Dozens of companies offer electronic medical records software — many provide portal websites that give patients access to some of their health information. But in all truth, EHRs are built for business, not for people. While institutions are incentivised to structure medical data in the way that best serves their practices and reimbursement, the needs of individuals are radically different.

Think how easily people interact with tools such as Google and Facebook. Patient-oriented EHR applications should build on consumer-centric technologies that support portability as well as search and share operations. This approach could allow medical services to transfer the files to a personal handle (computer identifier, address), or patients could elect to drag documents or medical images and “drop” them into a folder. Today many people use the cloud, which allows for redundancy, synchronisation, backup, remote access, and the use of mobile devices like phones with full portability. Having access to all data is only a first step—the documents should be easily, intuitively searched and retrieved so that patients could query for any term and find the related health documents or images in milliseconds. The question “when was I last vaccinated against tetanus” or “when was my last chest x-ray taken” becomes a simple query.

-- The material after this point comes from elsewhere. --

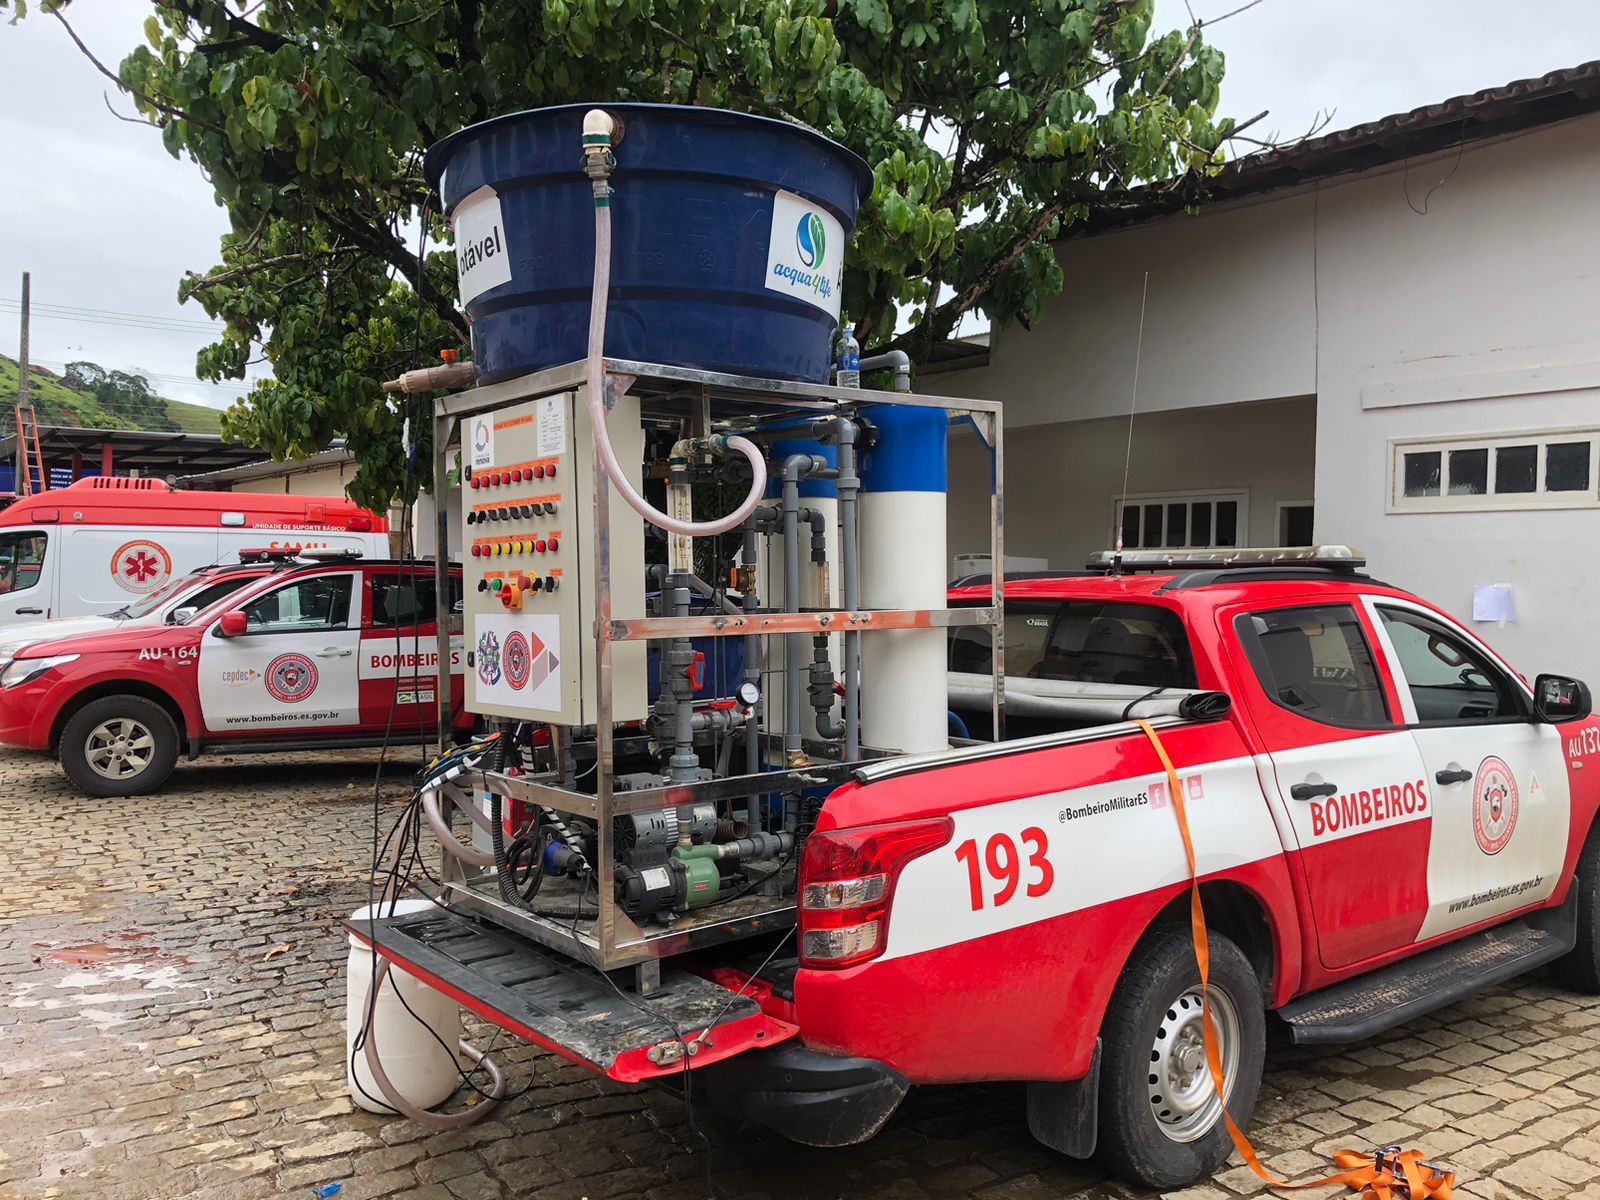 ES envia estações móveis de tratamento de água ao Rio Grande do Sul para ajudar vítimas da chuva

In this model, the patient's EHR becomes a searchable collection of non-structured materials.

Social networks are used to post information and interact with friends, family, and colleagues. Features such as the organisation of materials and access to content, creation of groups, and news feed could be models for the management of personal medical data across health-care workers, selected family members, and other concerned people or institutions. At least in the USA, the task of sharing a hospitalisation dataset with one's family physician is arduous or dependent on the hospital contacting the primary care practice.

The individual may have additional incentives to share the data: for research, or perhaps for its economic value. Many patients do not know that their health information—de-identified—is routinely sold to third parties for a profit. These third-party organisations receive all of the benefit from aggregating and distributing others' data in a suboptimal way that prevents deriving the greatest value from them. What if, instead, de-identified medical data could be shared or sold by the owner. There are multiple companies that provide financial compensation for medical and genomics data. Many of the companies promote the use of blockchain technology to ensure data provenance and protection. Think also about Uber—where drivers monetise on their car and time. A person might choose to “rent” her or his MRI to a company that needs 1 million MRIs for research, or might opt to provide information on drug response to a manufacturer. In countries with health insurance, a person might trade health data with the insurance company in exchange for a lower premium.

Medicine is abuzz with the promise of big data and artificial intelligence. However, this promise fails without all the data for input—deep learning needs deep data. National projects and research consortia will progressively solve many of the bottlenecks of amassing consented data. However, giving a powerful incentive to the individual, whether to altruistically share data for research, to join advocacy and patient groups, or to obtain an economic benefit, is a direct path to generate massive data. It will also prepare the field to face the paradox of personalised medicine: your data is less meaningful when analysed in isolation than when analysed in the context of everybody else's data. Let users manage their medical records using successful models of information retrieval and sharing.